The New York Times had an interesting piece about how a lot of start-ups (at least in the social media/Internet market) aren't generating revenue and would like to keep it that way.
When small start-ups I’ve spoken with do make money, they often find it difficult to recruit additional investment because most venture capitalists — and often the entrepreneurs they finance — are not interested in building viable long-term businesses. Rather, they’re interested in pumping up enough hype and valuation to find a quick exit through an acquisition at an eye-popping premium.The full article is here.
This is a very interesting trend. Here are a bunch of start-up companies with a bunch of investors waiting in line to fund them. And the entrepreneurs are trying to avoid concrete results, and focusing on speculative growth. The article used one obvious example. Instagram has $0 in revenue, but sold for $1 billion.
I think this pattern, in particular, will be a key cause of bubble growth (and bust) in this industry. One of the first things I learned in my Micro 101 class is the importance of the price system. Revenues are pretty good signaling devices for producers and investors. They show how valuable a good is to a consumer. No one really knows how much the big social websites (Facebook, Twitter, Google+, etc.) are valued by users, because they're all free!

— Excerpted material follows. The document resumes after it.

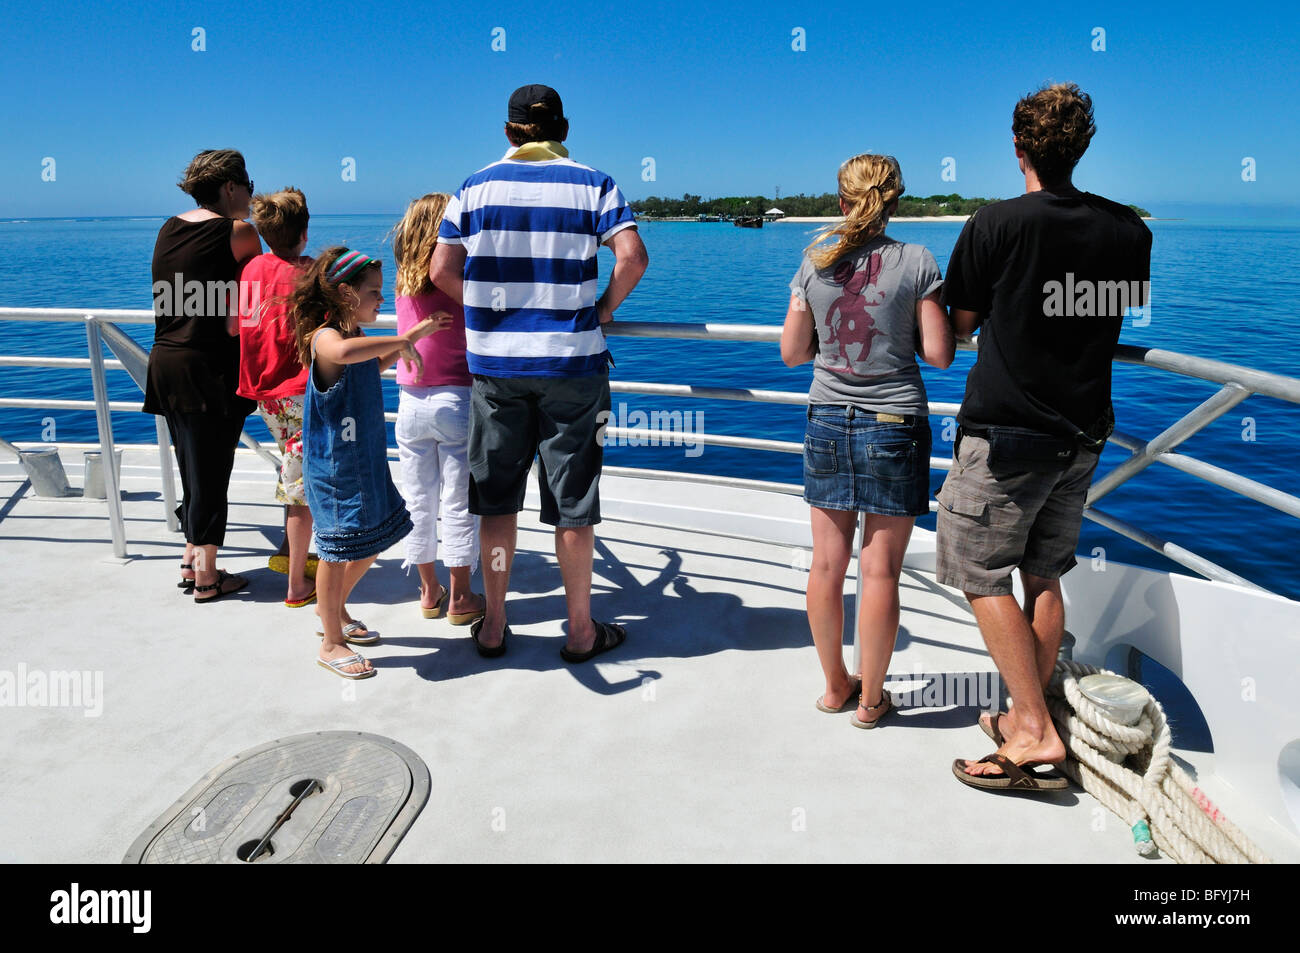 People on a boat approaching Heron Island, Capricornia Cays National Park, Great Barrier Reef, Queensland, Australia Stock Photo
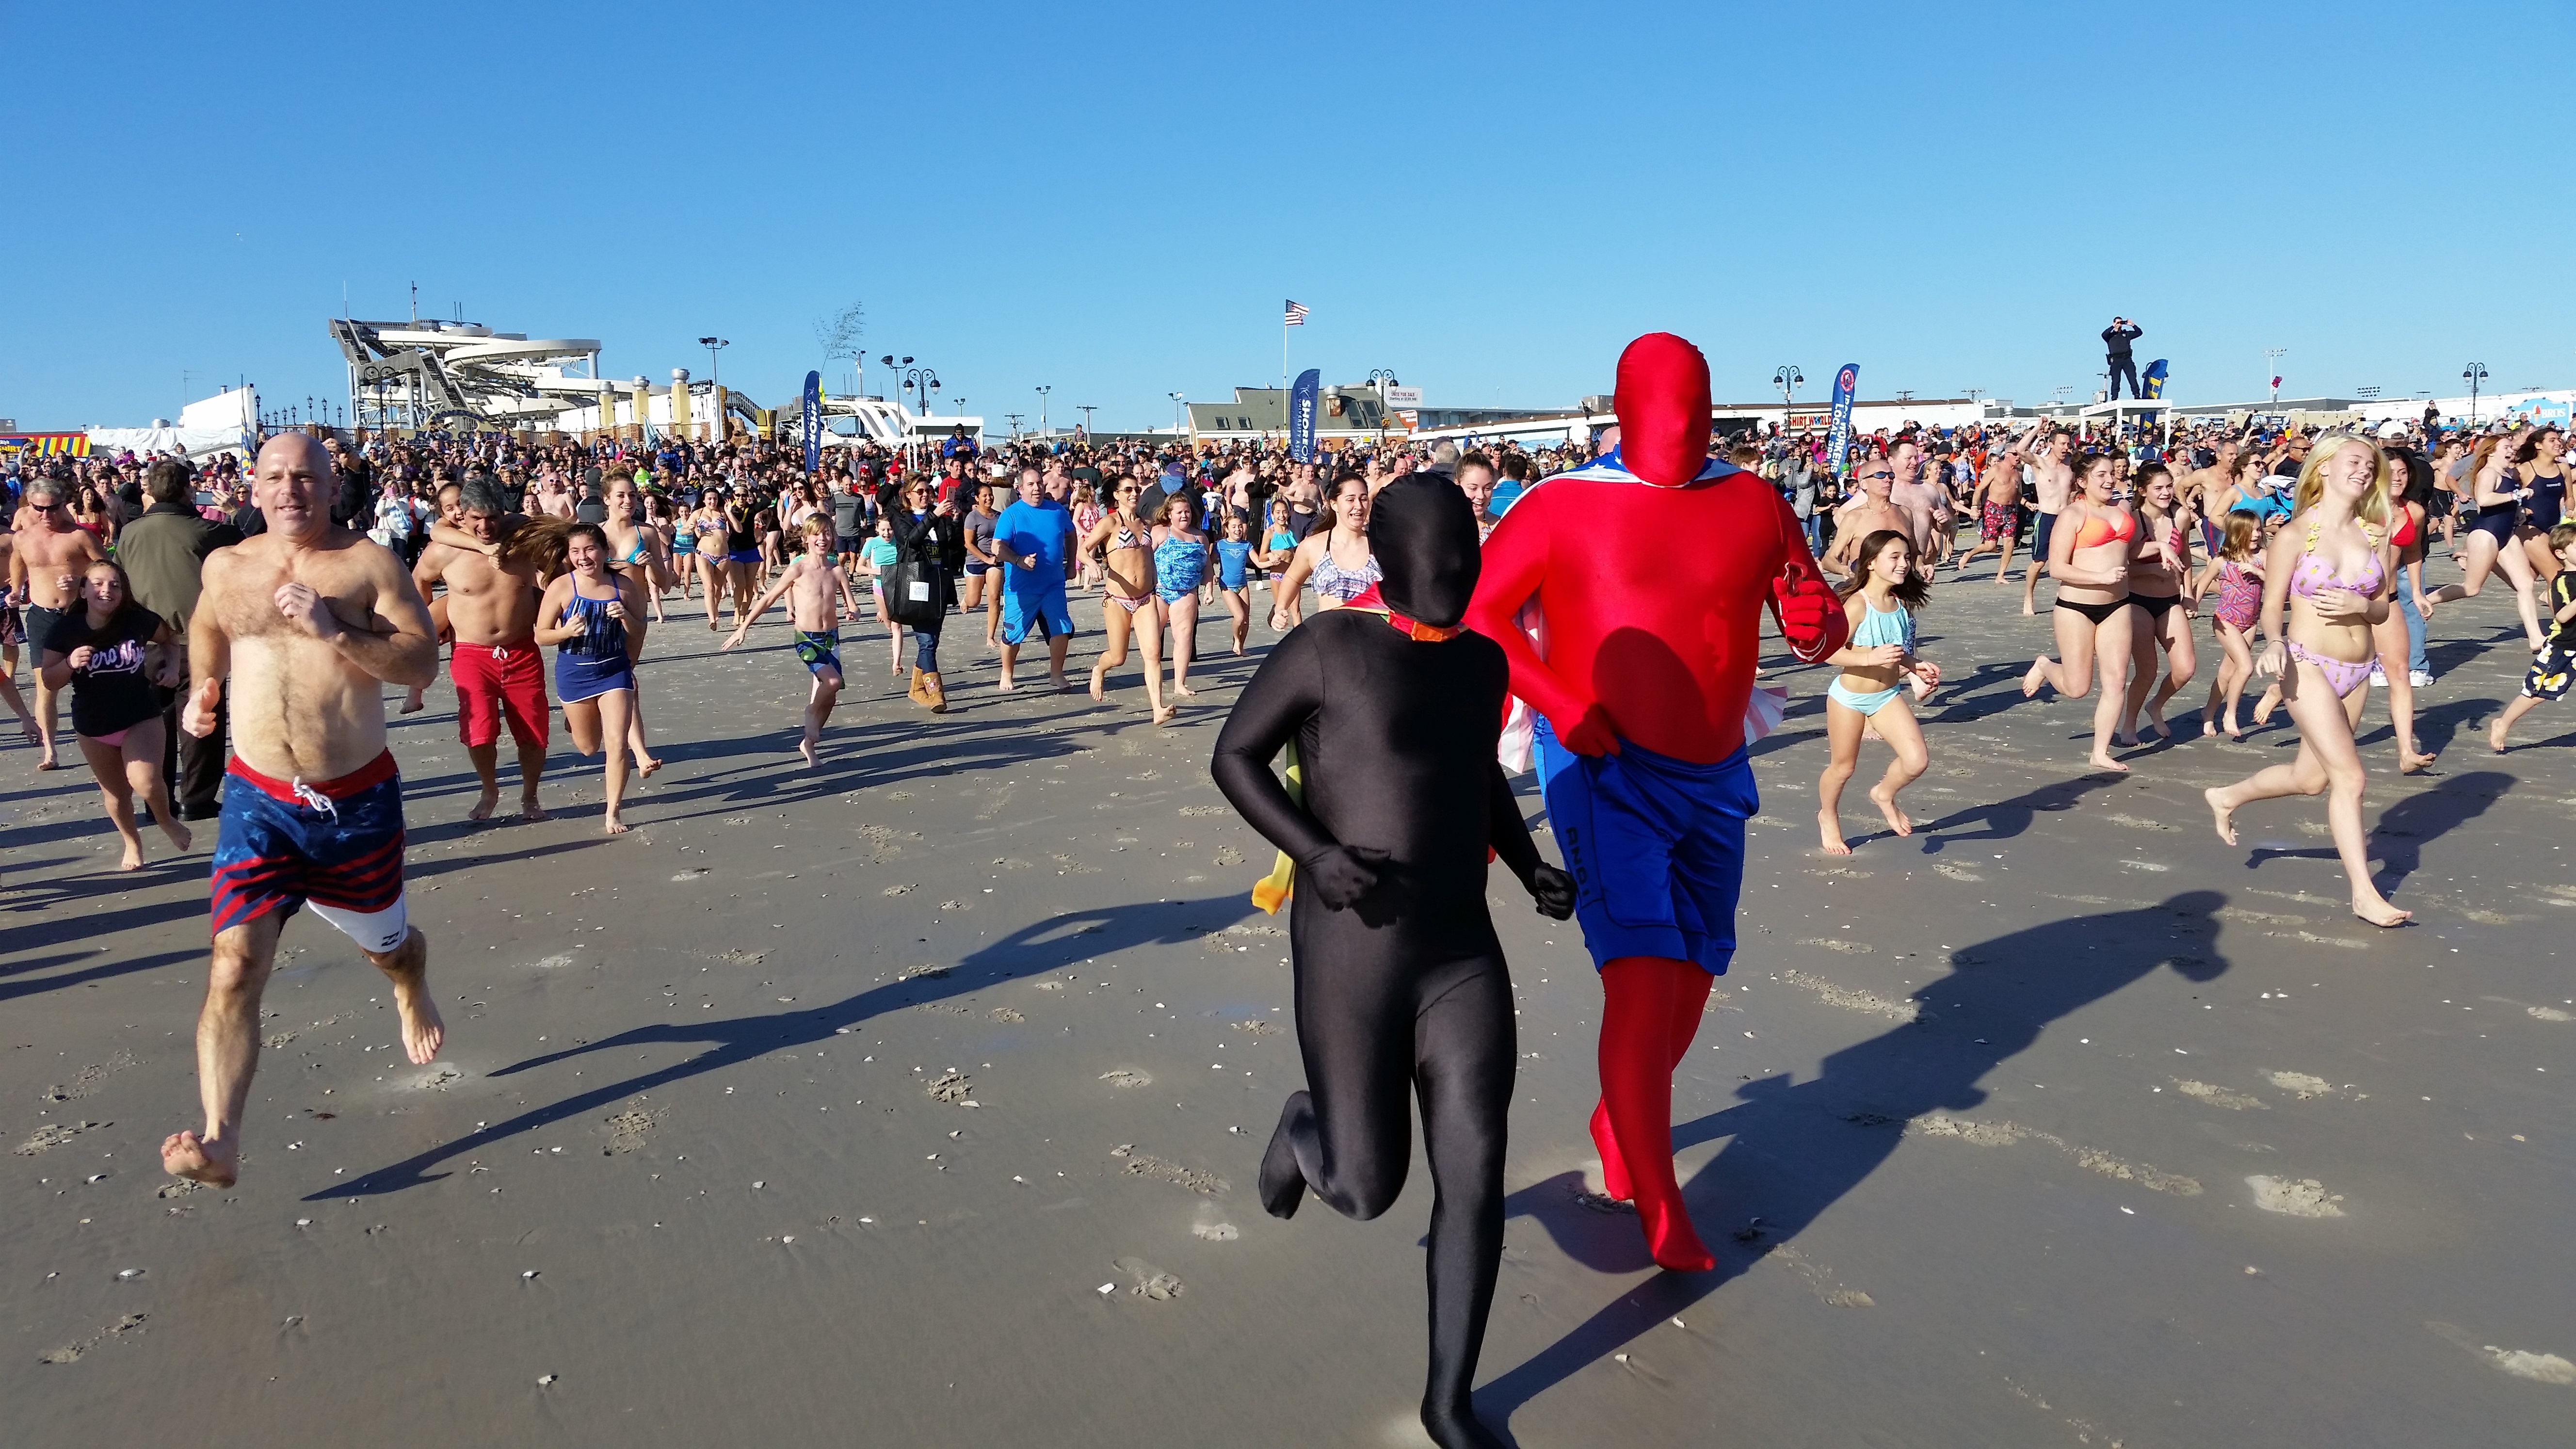 Clad in his red and blue superhero costume, veteran First Dip plunger Brian Green, of Ocean City, charges for the surf.

This means that it's difficult for investors to know whether all these new start-ups are going to do well. Is there ever perfect information and predictability in a company? Of course not. But if the price of lead tennis balls was $0 - you would expect that investors would avoid investing in lead tennis ball factories. The only problem is that there's no way to tell which start-ups are making lead tennis balls and which are making the next Facebook.
I'm sure there has been more in-depth research on this. But the main point is that we should be wary of investments that aren't based off of much information.